Integration tests verify your service interacts correctly with real dependencies — a real database, a real message queue, a real Redis — but not the full Kubernetes cluster. Use testcontainers-go or docker-compose to spin up dependencies.

testcontainers-go

package integration_test

import (
    "context"
    "testing"

    "github.com/testcontainers/testcontainers-go"
    "github.com/testcontainers/testcontainers-go/modules/postgres"
)

func TestPaymentRepository(t *testing.T) {
    ctx := context.Background()

    // Spin up a real Postgres container
    pgContainer, err := postgres.RunContainer(ctx,
        testcontainers.WithImage("postgres:16-alpine"),
        postgres.WithDatabase("payments_test"),
        postgres.WithUsername("test"),
        postgres.WithPassword("test"),
        testcontainers.WithWaitStrategy(
            wait.ForLog("database system is ready to accept connections").
                WithOccurrence(2).
                WithStartupTimeout(30*time.Second),
        ),
    )
    if err != nil {
        t.Fatal(err)
    }
    defer pgContainer.Terminate(ctx)

    connStr, _ := pgContainer.ConnectionString(ctx, "sslmode=disable")

    // Run migrations
    db, _ := sql.Open("postgres", connStr)
    runMigrations(db)

    // Test the repository
    repo := NewPaymentRepository(db)
    payment, err := repo.Create(ctx, &Payment{Amount: 1000, Currency: "USD"})
    if err != nil {
        t.Fatalf("Create failed: %v", err)
    }
    if payment.ID == "" {
        t.Error("expected non-empty payment ID")
    }
}
# Run integration tests (requires Docker)
go test ./integration/... -tags=integration -timeout=120s

Cluster-Level Tests with envtest

controller-runtime/envtest starts a real API server and etcd binary locally — no cluster needed — and lets you test controllers, webhooks, and admission logic against a real K8s API.

package controllers_test

import (
    "path/filepath"
    "testing"

    . "github.com/onsi/ginkgo/v2"
    . "github.com/onsi/gomega"
    "sigs.k8s.io/controller-runtime/pkg/envtest"
)

var (
    testEnv *envtest.Environment
    cfg     *rest.Config
)

func TestControllers(t *testing.T) {
    RegisterFailHandler(Fail)
    RunSpecs(t, "Controller Suite")
}

var _ = BeforeSuite(func() {
    testEnv = &envtest.Environment{
        CRDDirectoryPaths: []string{
            filepath.Join("..", "config", "crd", "bases"),
        },
        ErrorIfCRDPathMissing: true,
    }
    var err error
    cfg, err = testEnv.Start()
    Expect(err).NotTo(HaveOccurred())
})

var _ = AfterSuite(func() {
    Expect(testEnv.Stop()).To(Succeed())
})

var _ = Describe("PaymentReconciler", func() {
    It("creates a ConfigMap when a Payment is created", func() {
        payment := &paymentv1.Payment{
            ObjectMeta: metav1.ObjectMeta{Name: "test-payment", Namespace: "default"},
            Spec:       paymentv1.PaymentSpec{Amount: 100},
        }
        Expect(k8sClient.Create(ctx, payment)).To(Succeed())
        
        cm := &corev1.ConfigMap{}
        Eventually(func() error {
            return k8sClient.Get(ctx, types.NamespacedName{
                Name: "payment-config", Namespace: "default",
            }, cm)
        }, 10*time.Second, 100*time.Millisecond).Should(Succeed())
    })
})

E2E Tests — kubectl/kuttl

kuttl (KUbernetes Test TooL) runs test cases as YAML files against a real cluster. It applies manifests, asserts state, and cleans up.

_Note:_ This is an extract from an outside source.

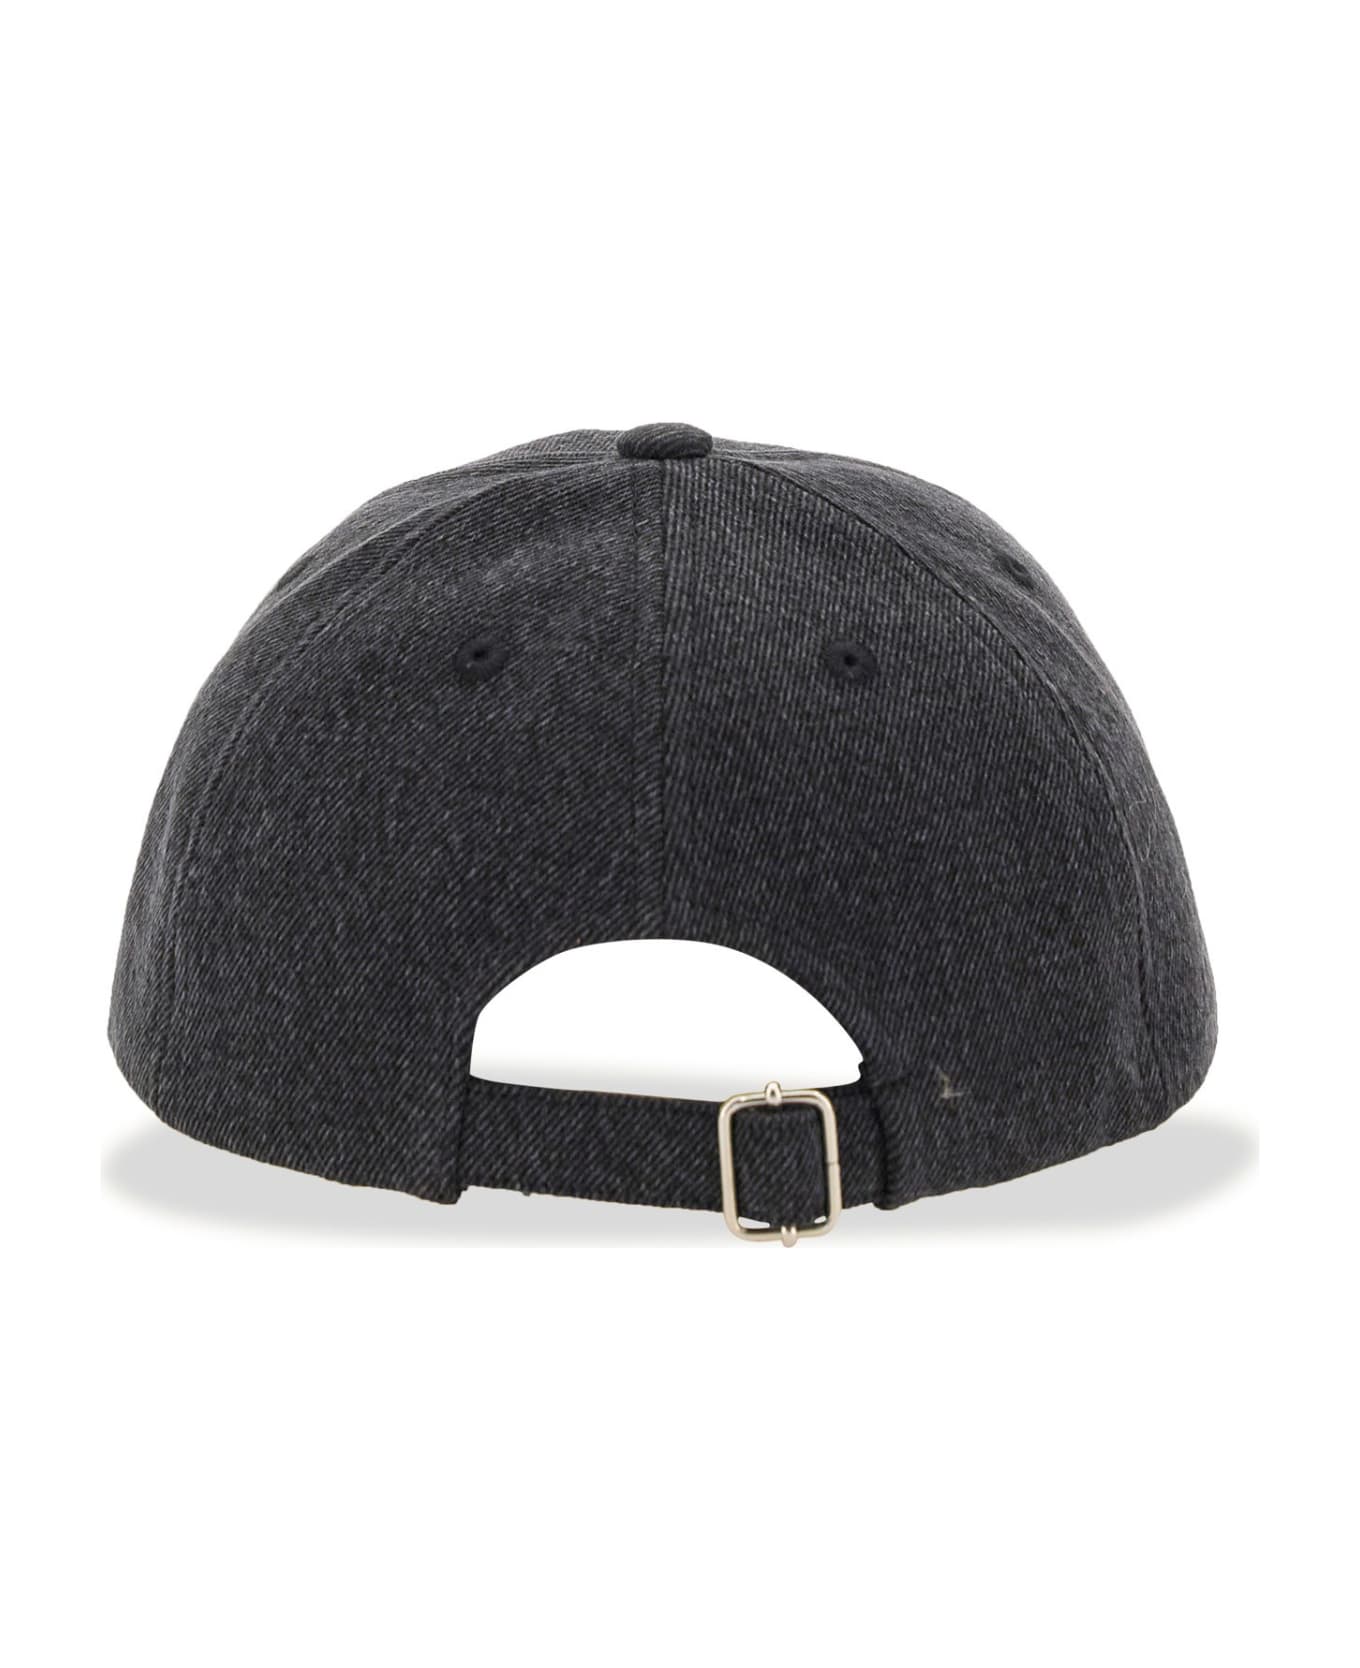 A.P.C. Baseball Hat With Logo - LZE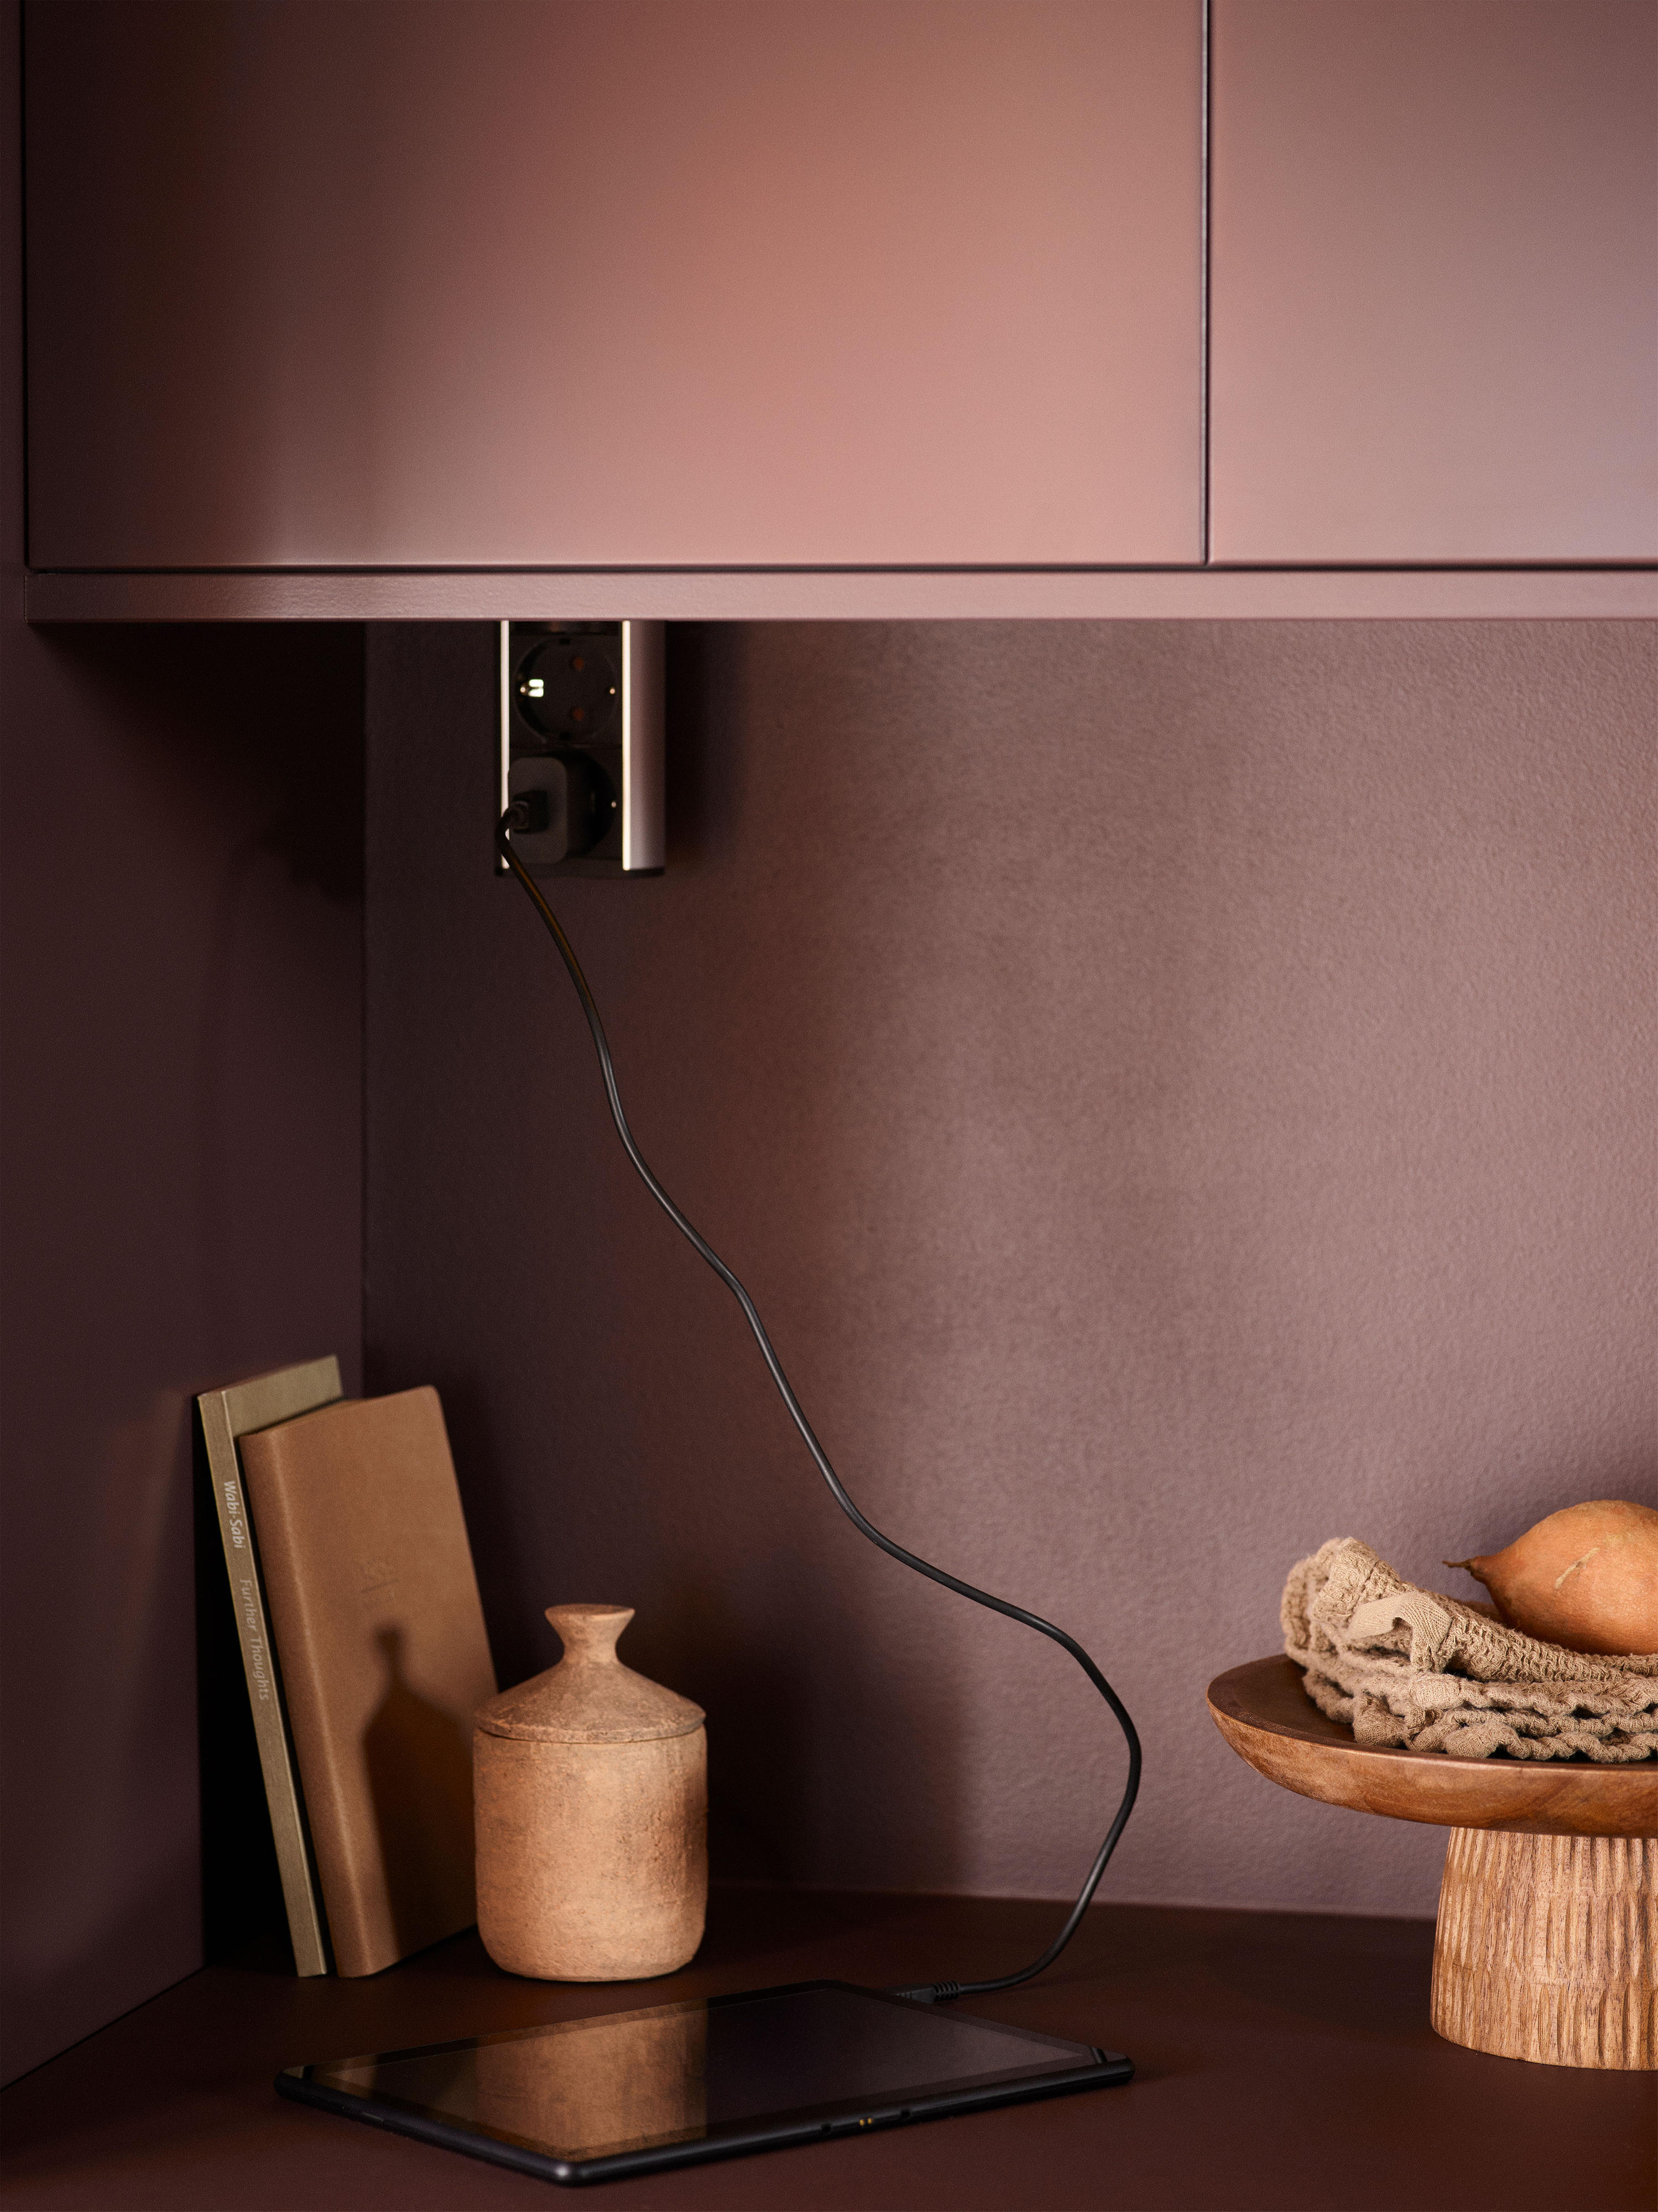 Epoq Trend Burgundy kitchen with cutting boards, electrical outlet, tablet and decorations

# tests/e2e/payment-flow/00-create-payment.yaml
apiVersion: kuttl.dev/v1beta1
kind: TestStep
apply:
- payment.yaml

---
# tests/e2e/payment-flow/01-assert.yaml
apiVersion: kuttl.dev/v1beta1
kind: TestAssert
timeout: 60
collectors:
- type: pod
  selector: app=payments-api
---
# Assert the payment object reaches Ready state
apiVersion: payments.acme.com/v1
kind: Payment
metadata:
  name: test-payment
status:
  phase: Ready
# Install kuttl
kubectl krew install kuttl

# Run E2E tests against current cluster context
kubectl kuttl test --config kuttl-test.yaml

# kuttl-test.yaml
apiVersion: kuttl.dev/v1beta1
kind: TestSuite
testDirs:
- ./tests/e2e
startKIND: false    # use existing cluster context
timeout: 120

E2E Tests with Chainsaw (kuttl successor)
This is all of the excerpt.